Monastery information
- Other name: Monastery of Archangel Michael
- Denomination: Eastern Orthodox
- Established: Early 16th century
- Disestablished: Destroyed several times
- Reestablished: Several times
- Diocese: Eparchy of Banja Luka

Architecture
- Heritage designation: Cultural monument
- Designated date: 1953
- Style: Raška

Site
- Location: Kozarska Dubica
- Country: Bosnia and Herzegovina
- Coordinates: 45°05′21″N 16°51′31″E﻿ / ﻿45.0891°N 16.8585°E

= Moštanica Monastery =

Serbian Orthodox monastery in Kozarska Dubica, Bosnia and Herzegovina

Moštanica (Моштаница) is a Serbian Orthodox female monastery located in a valley of the Kozara mountain and Moštanica river some 20km from Kozarska Dubica, Bosnia and Herzegovina.
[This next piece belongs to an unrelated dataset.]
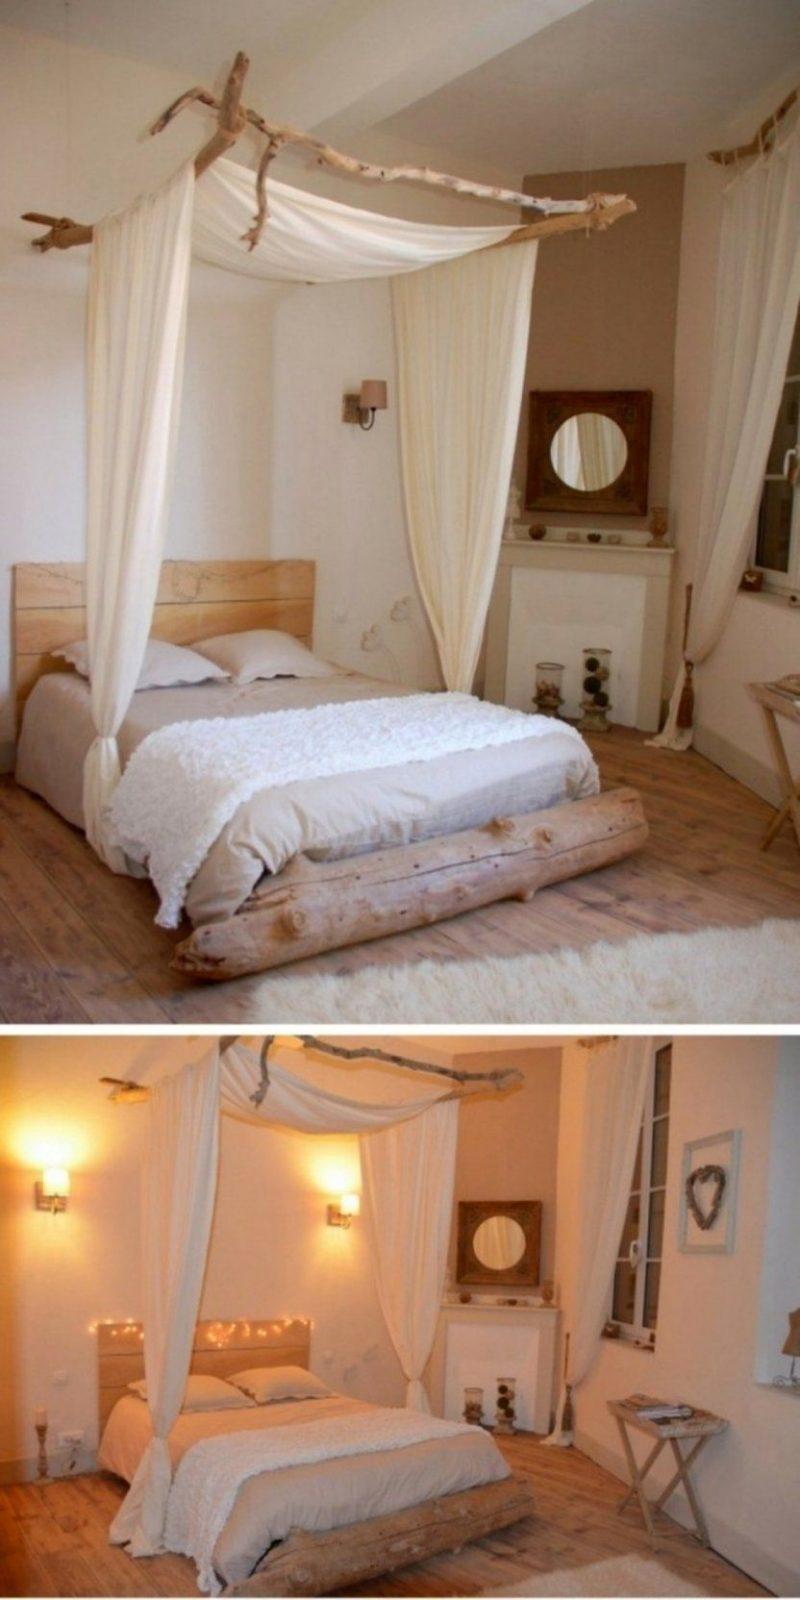 Interessant Himmel Bett – Illuminode Zum Himmelbett Bauen von Himmelbett Vorhang Selber Machen Bild
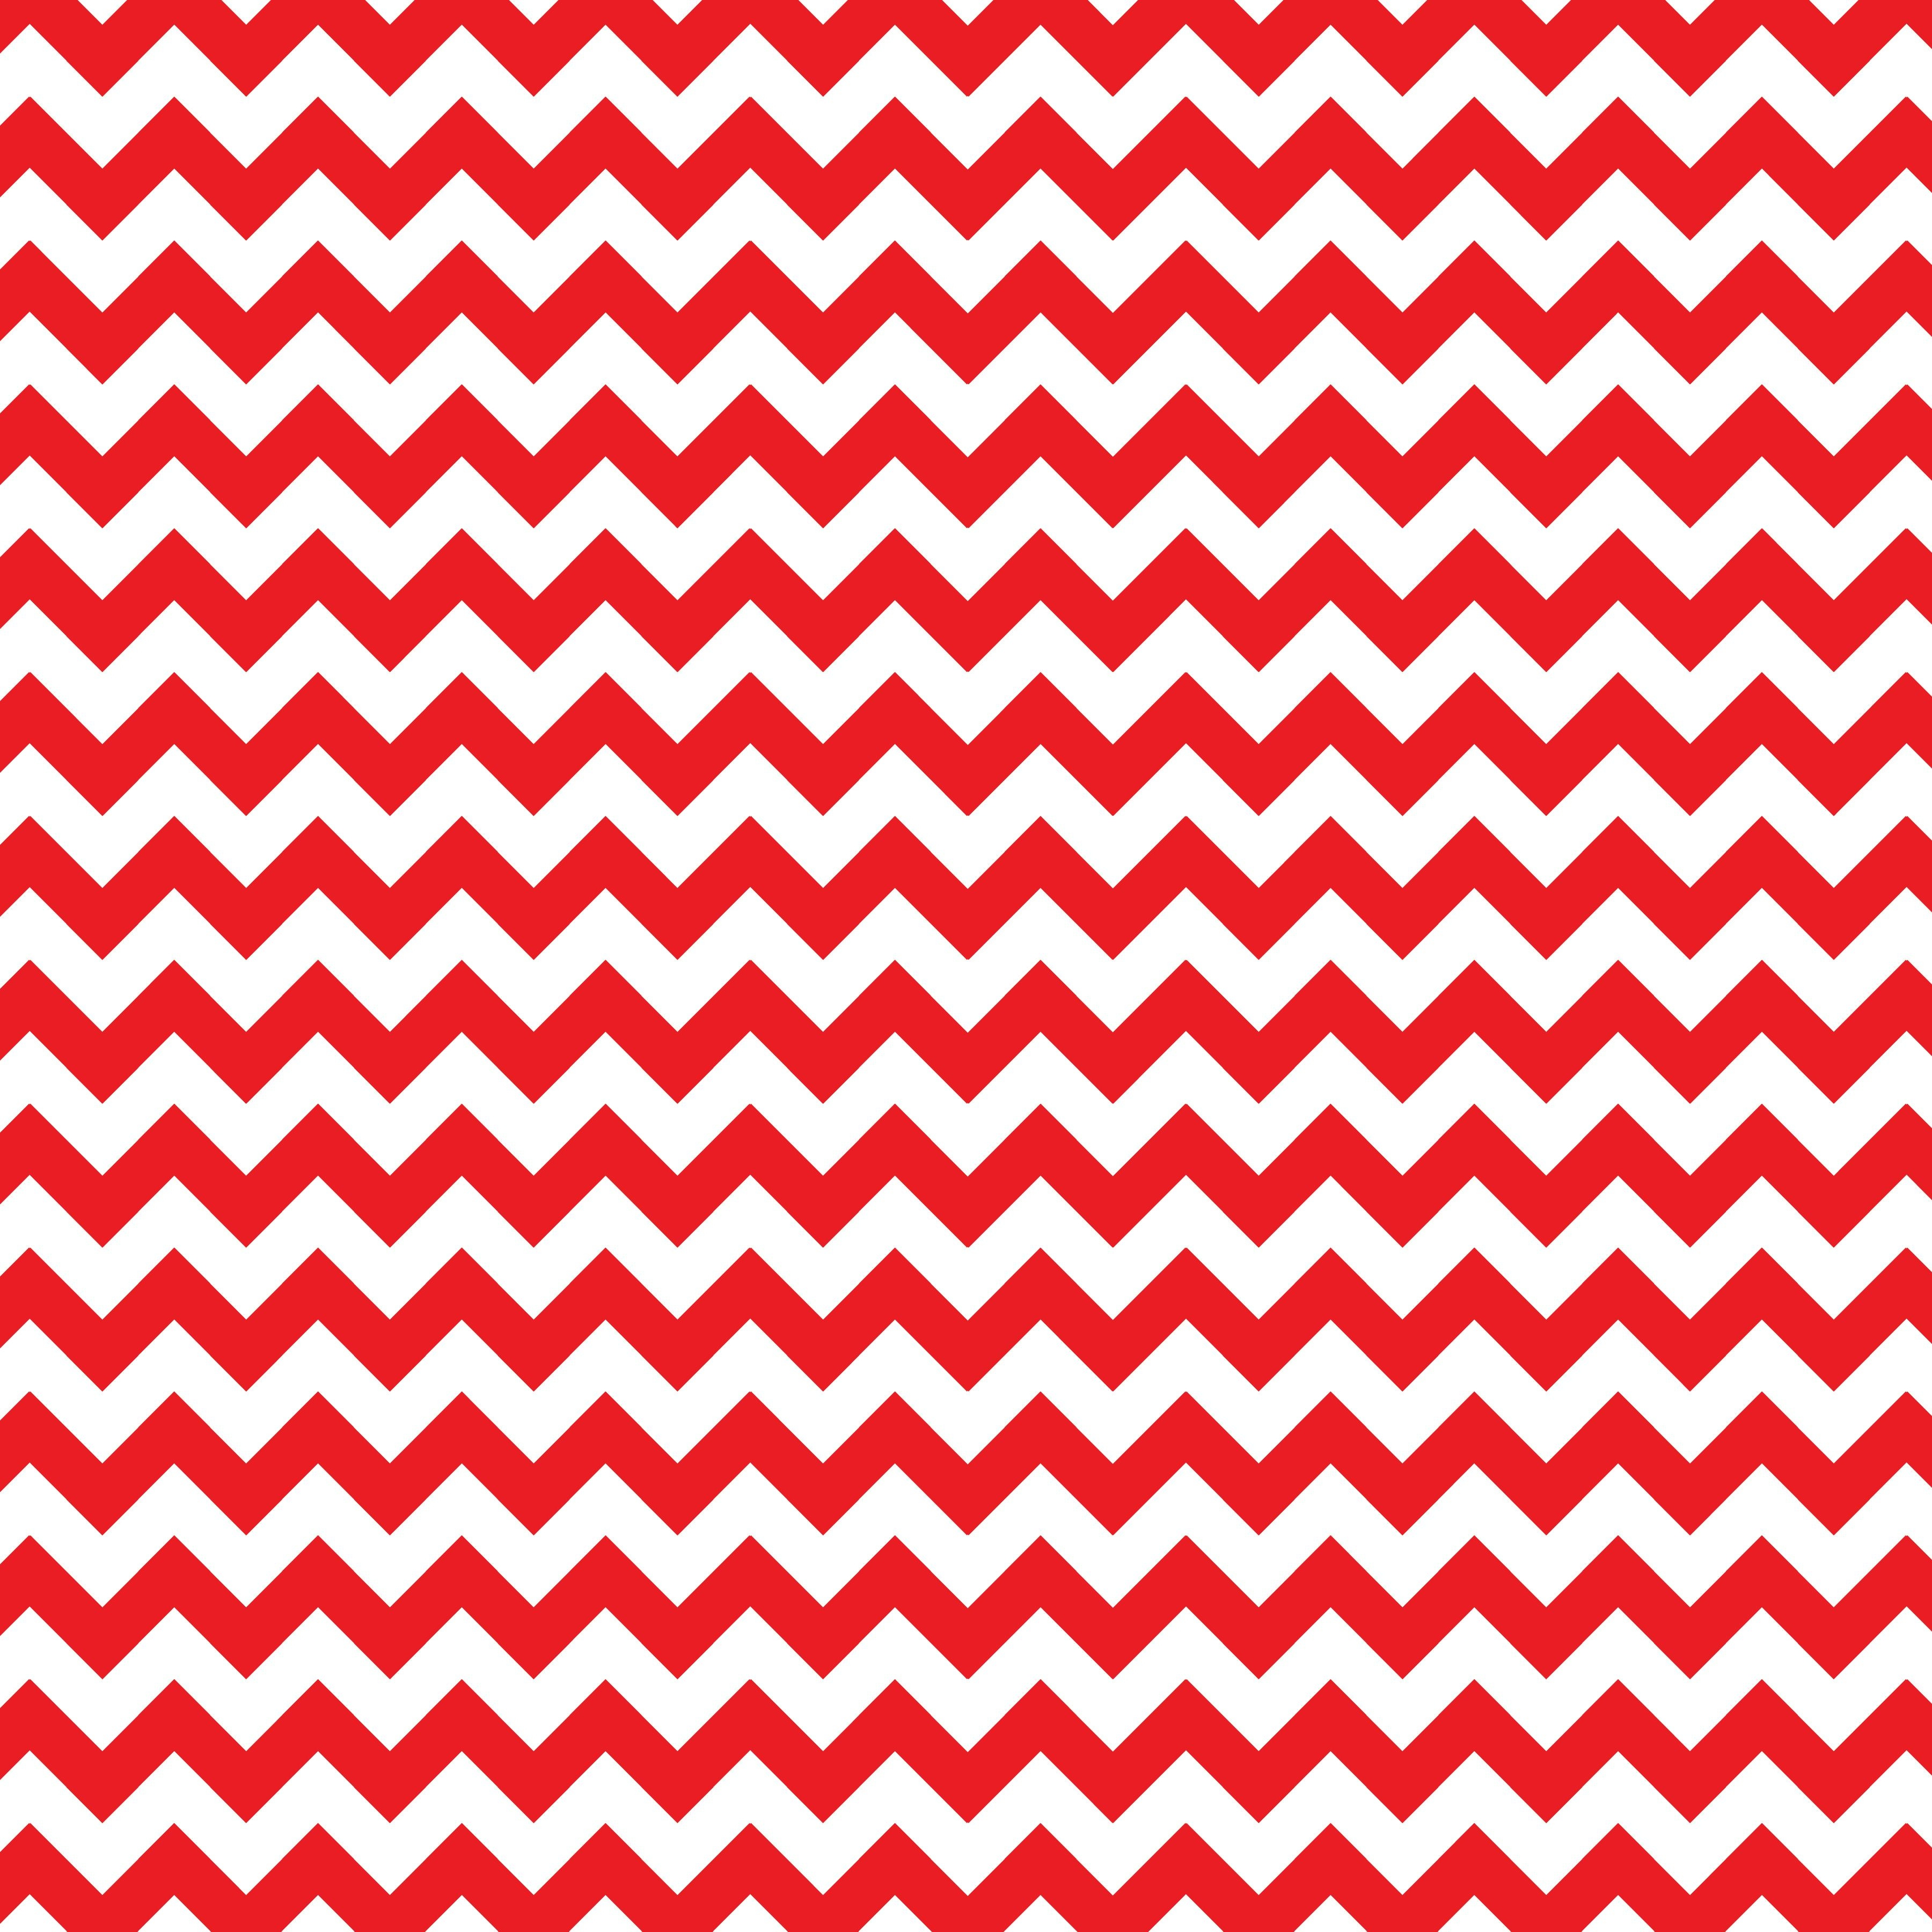 Chevron Digital Paper – Free Download | Pattern, Color & Design - Chevron Pattern Printable Free

It is dedicated to Archangel Michael and is protected by law as a cultural heritage monument. It is ecclesiastically part of the Eparchy of Banja Luka.

According to tradition it was founded in the Middle Ages, but it was built in the early 16th century. In 1693 the Moštanica monks founded the Komogovina Monastery. Between 1556 and 1993 the monastery was destroyed seven times. During World War II the monastery was a site of Ustashe (Croatian fascist regime) crimes against Serbs.